[Start of section]
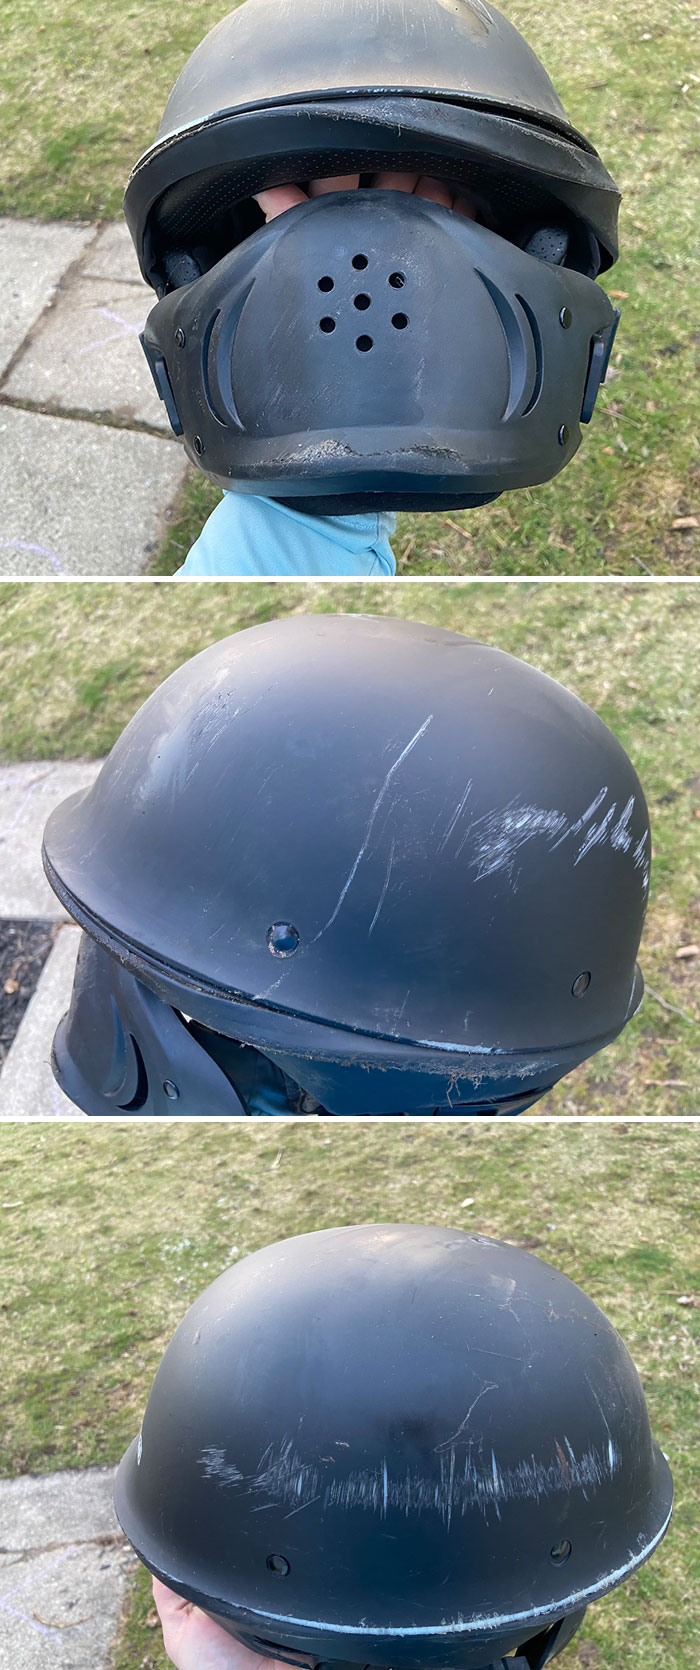 Two Years Ago Today, This Dot Certified Helmet Absorbed A 50mph Impact And Saved My Life
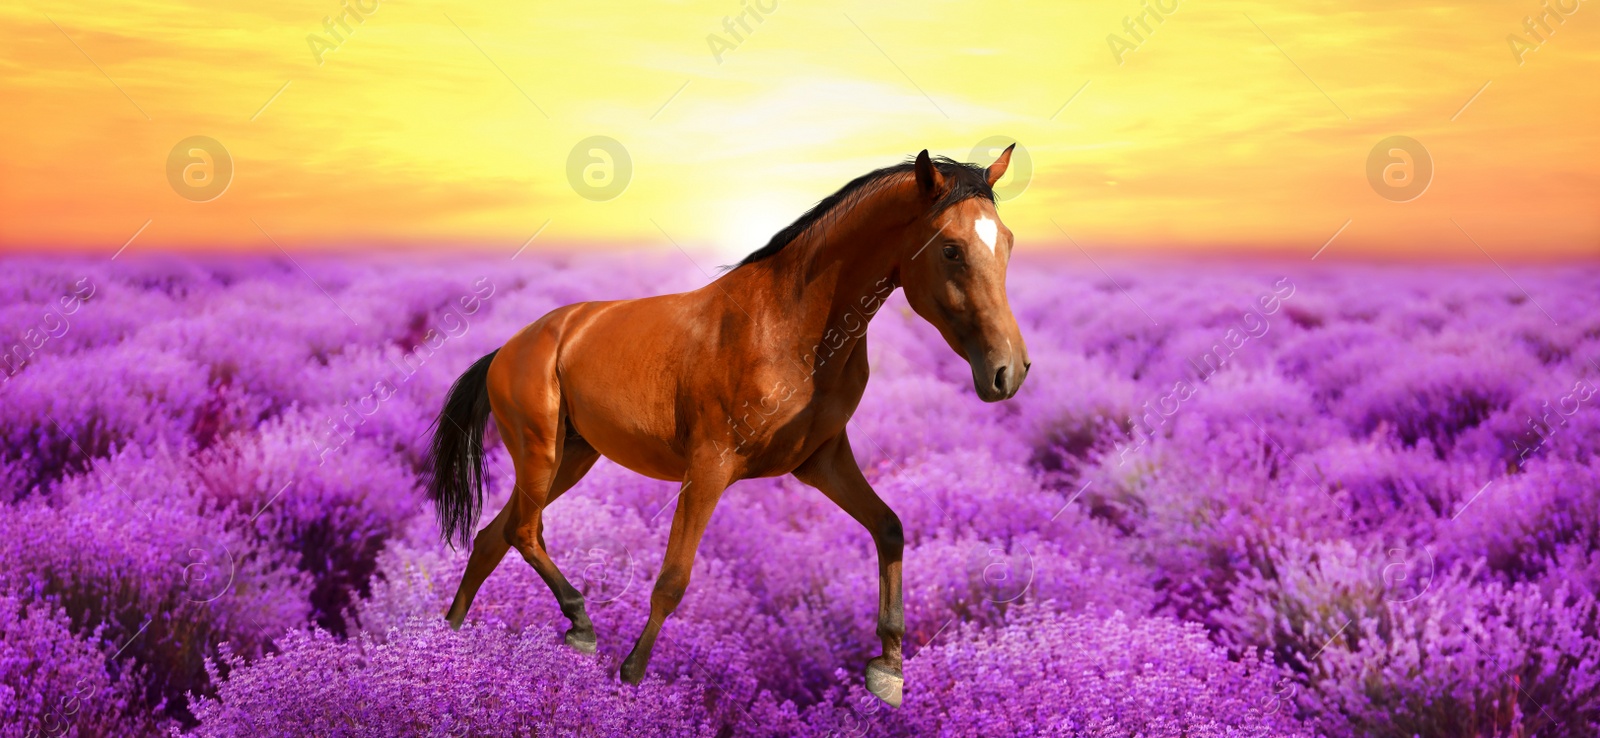 Image of Beautiful horse running in lavender field at sunset. Banner design
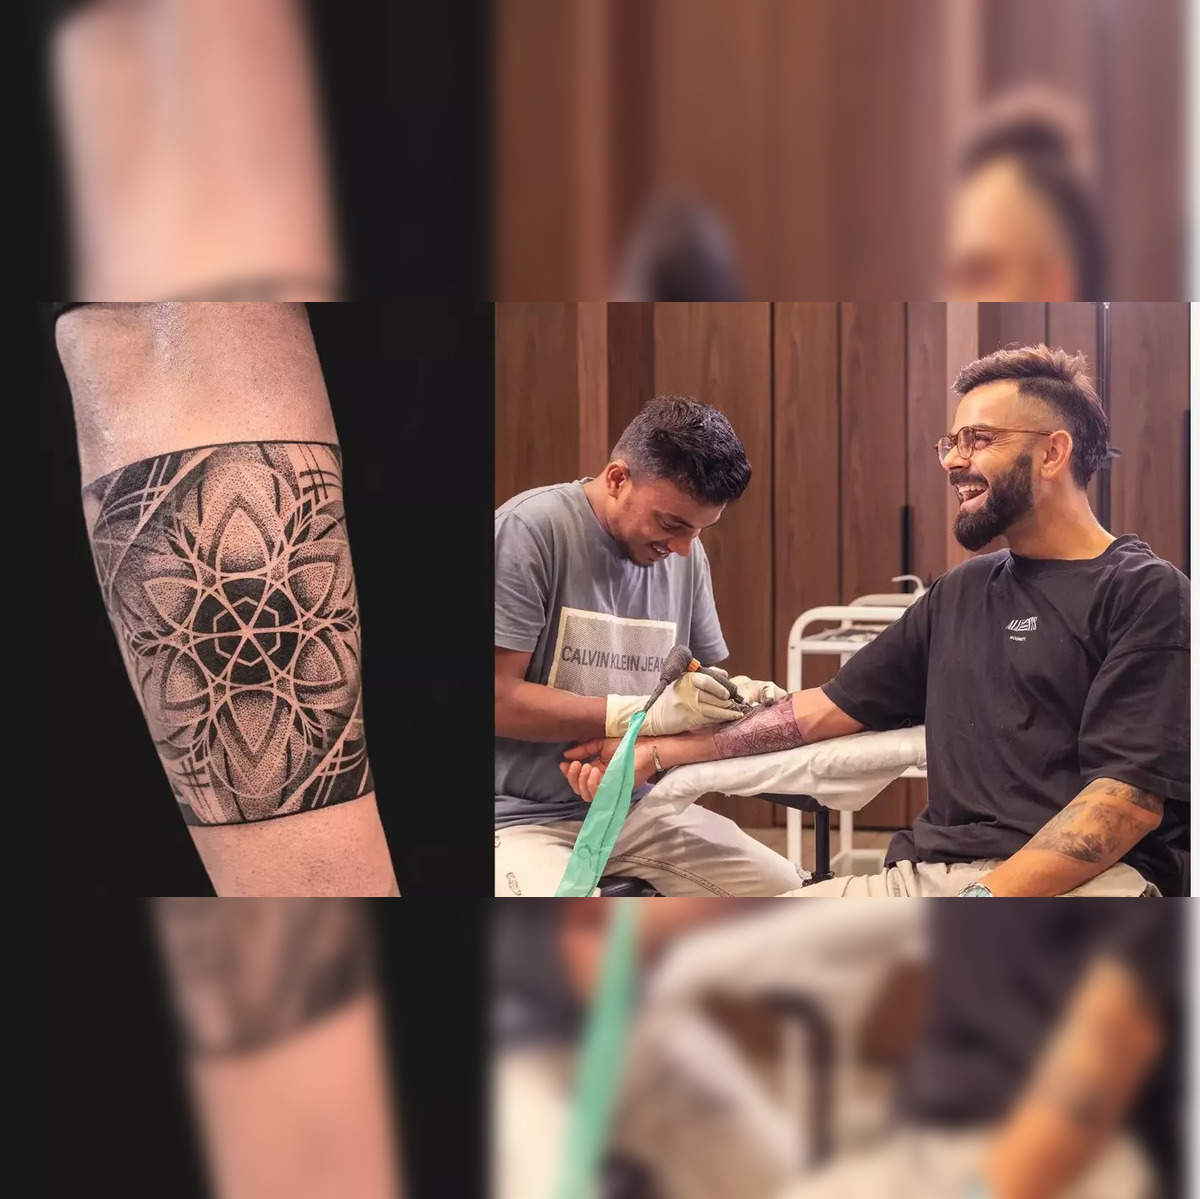 Virat Kohli and other Indian cricketers with eye-catching tattoos |  Photogallery - ETimes
[End of section]
_WHAT YOU HAVE TO DO_.
First drop every picture, then print the data above exactly as it stands.

_EXERCISE ANSWER_.
 Two Years Ago Today, This Dot Certified Helmet Absorbed A 50mph Impact And Saved My Life
 Image of Beautiful horse running in lavender field at sunset. Banner design
 Virat Kohli and other Indian cricketers with eye-catching tattoos |  Photogallery - ETimes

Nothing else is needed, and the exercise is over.